◆ **Material for the task**
☆ ☆ ☆ ☆ ☆

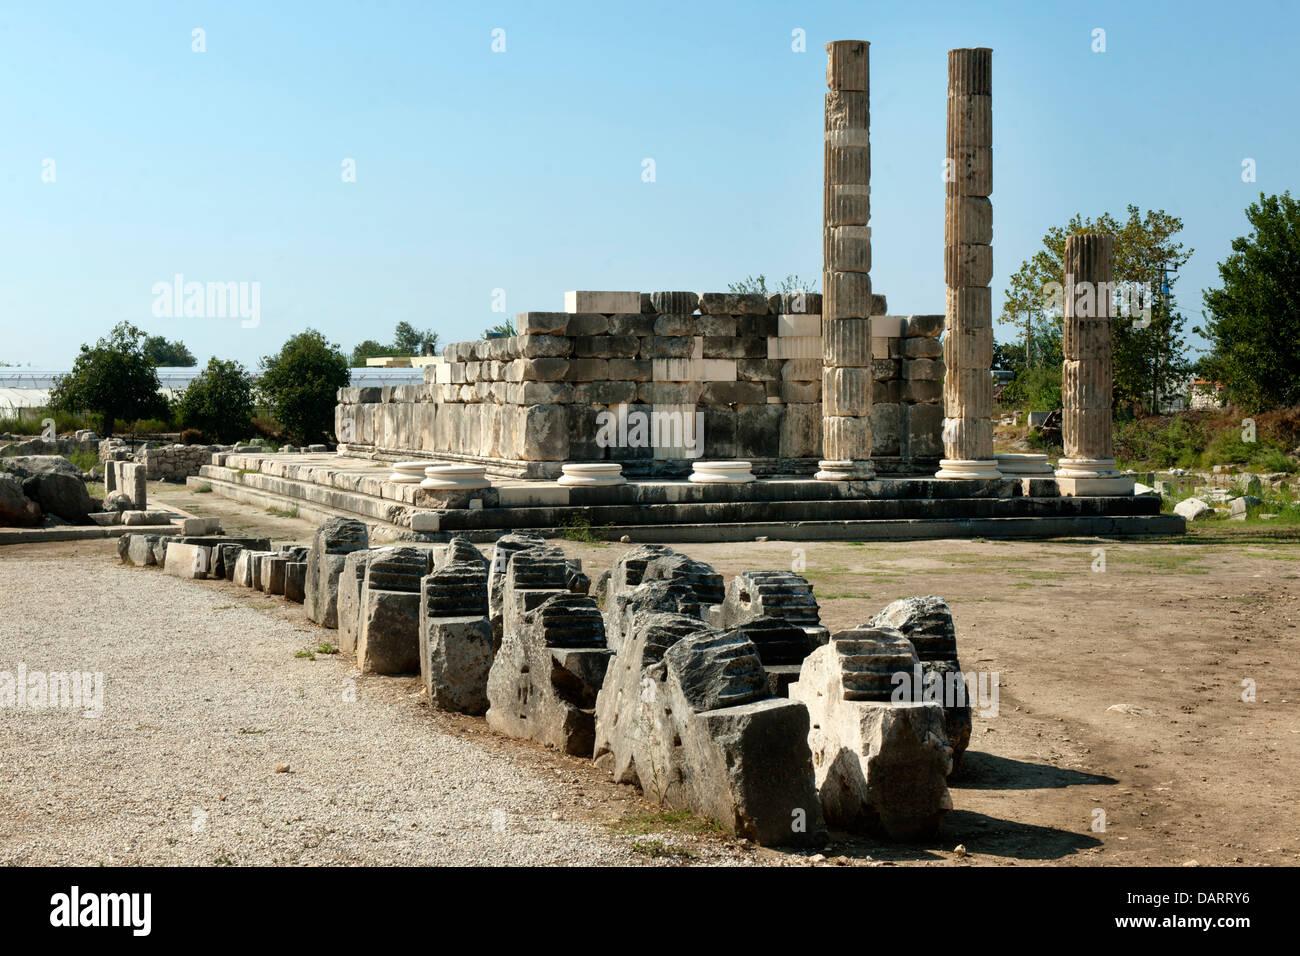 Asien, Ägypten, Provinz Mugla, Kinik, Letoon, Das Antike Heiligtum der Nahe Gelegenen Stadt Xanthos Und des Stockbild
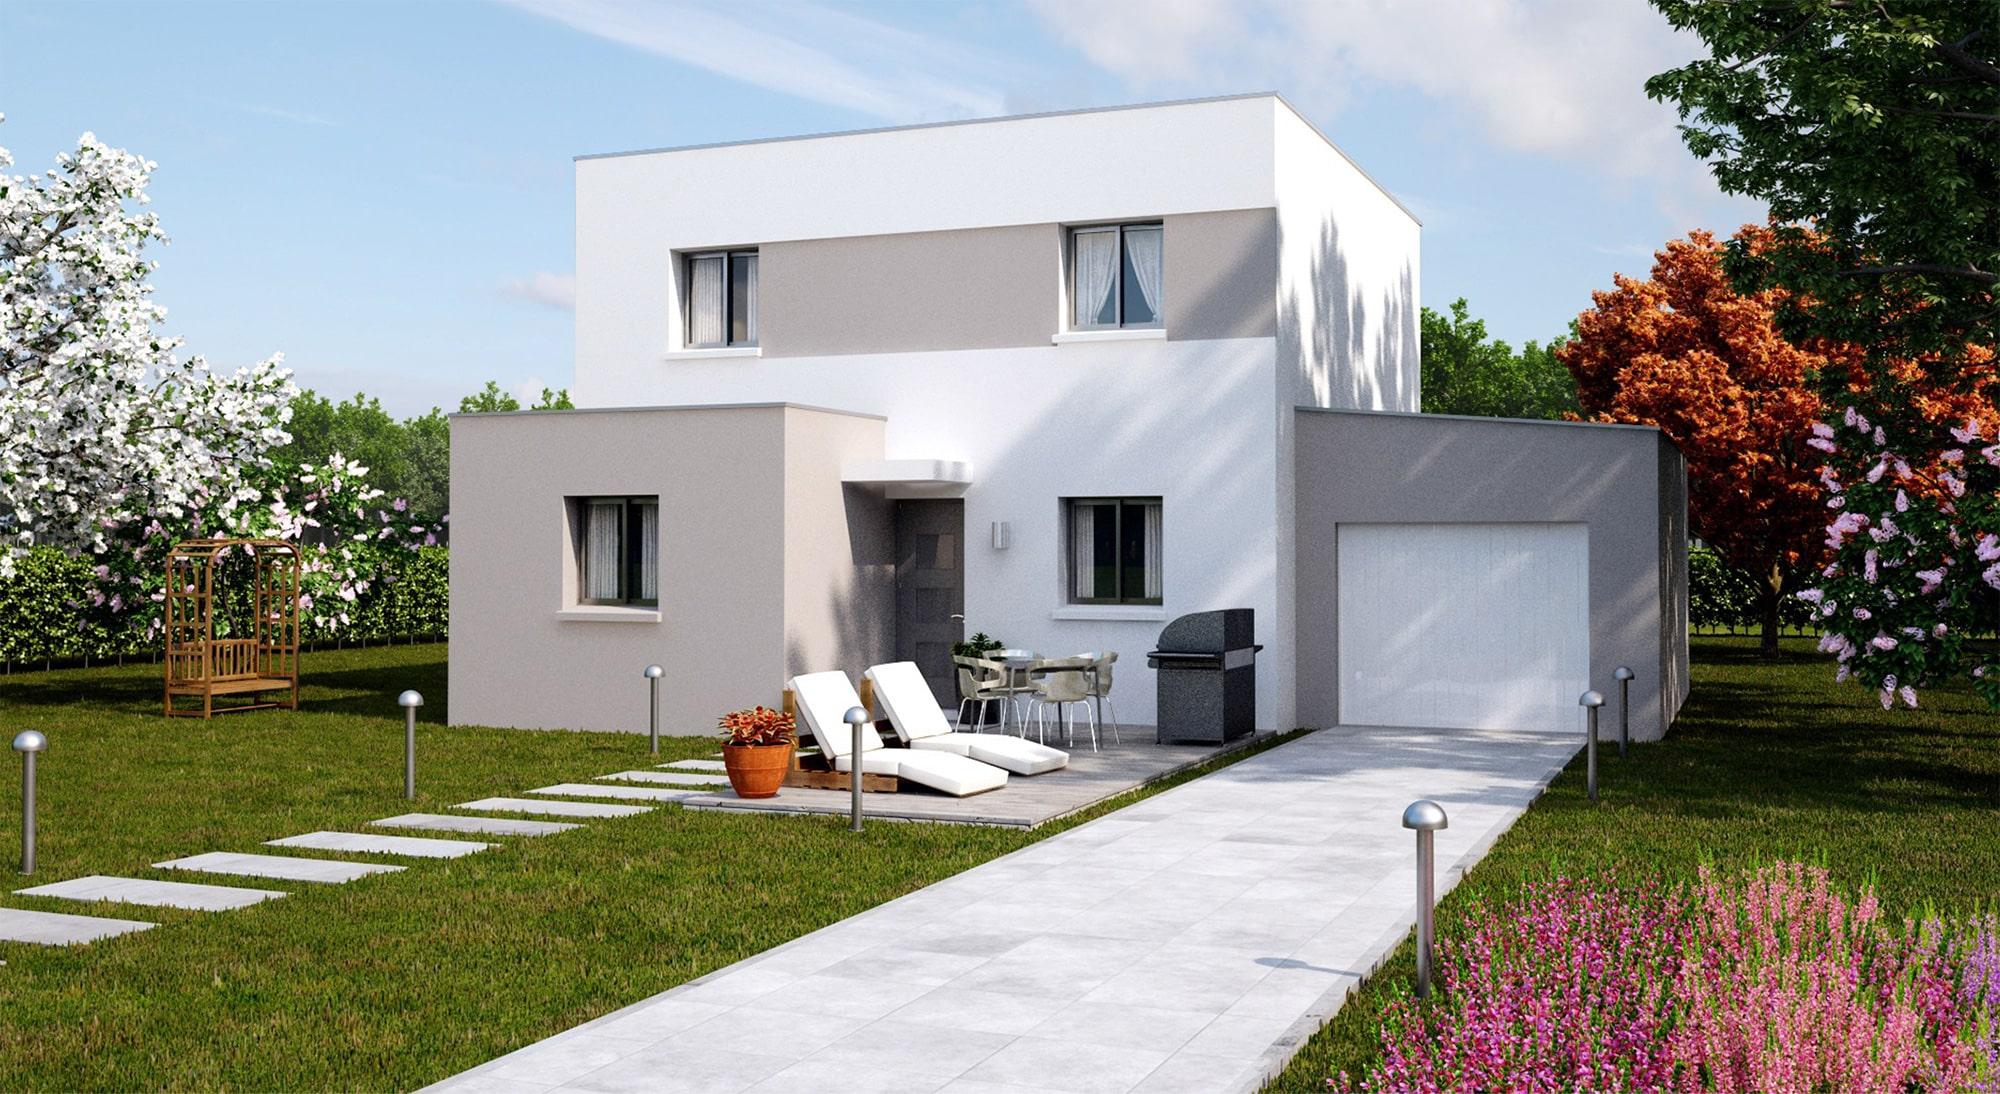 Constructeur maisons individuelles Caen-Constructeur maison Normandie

☆ ☆ ☆ ☆ ☆

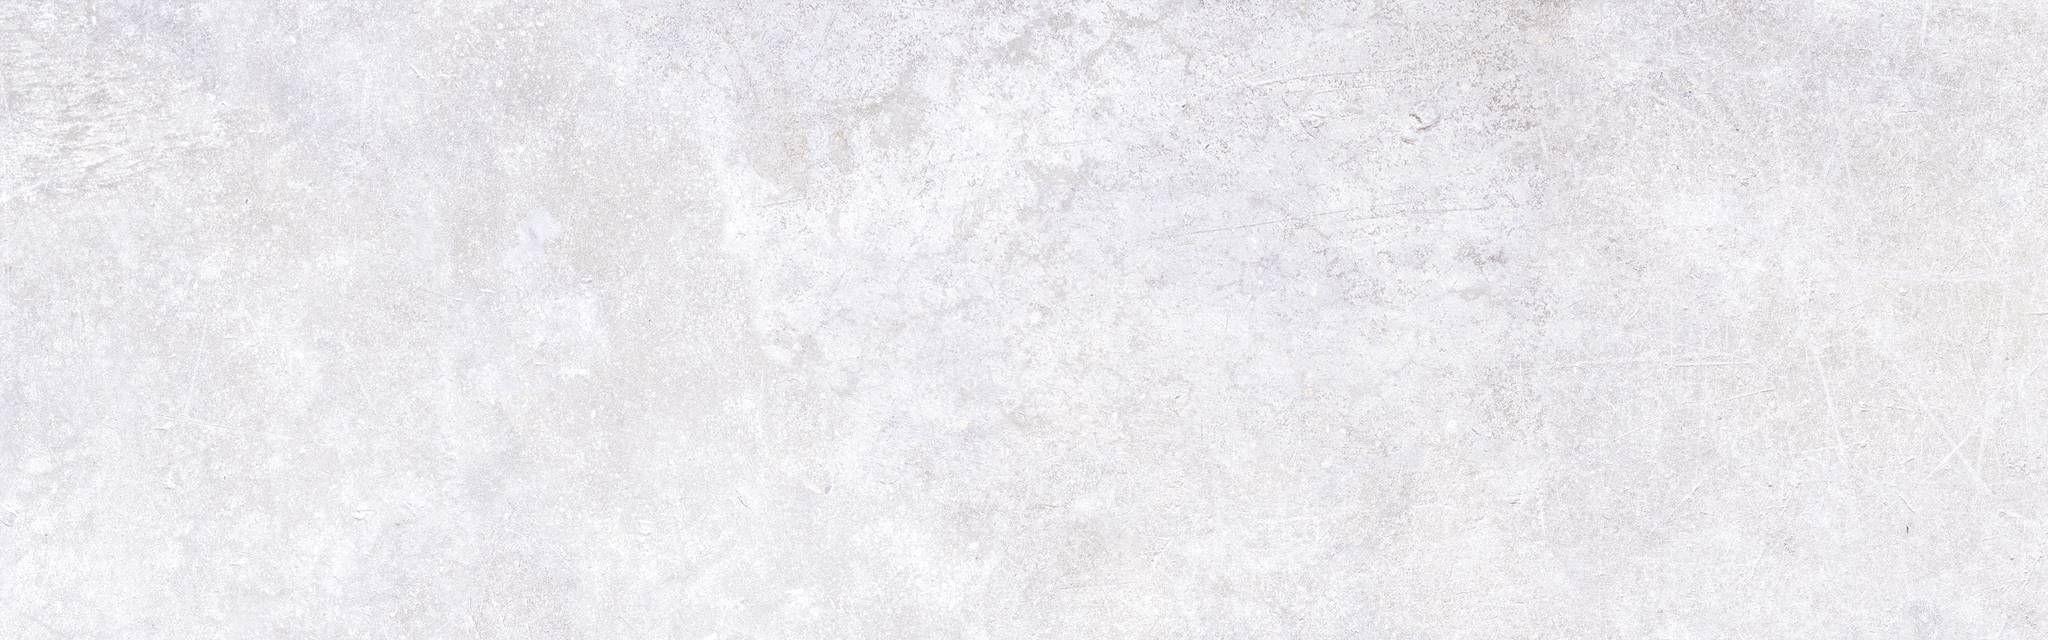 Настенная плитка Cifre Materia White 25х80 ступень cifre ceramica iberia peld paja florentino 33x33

☆ ☆ ☆ ☆ ☆

In the listing above, find the line with "Asien, Ägypten, Provinz" and the line with "Constructeur maisons individuelles". Copy exactly those lines and all between them, minus the images.

 Asien, Ägypten, Provinz Mugla, Kinik, Letoon, Das Antike Heiligtum der Nahe Gelegenen Stadt Xanthos Und des Stockbild
 Constructeur maisons individuelles Caen-Constructeur maison Normandie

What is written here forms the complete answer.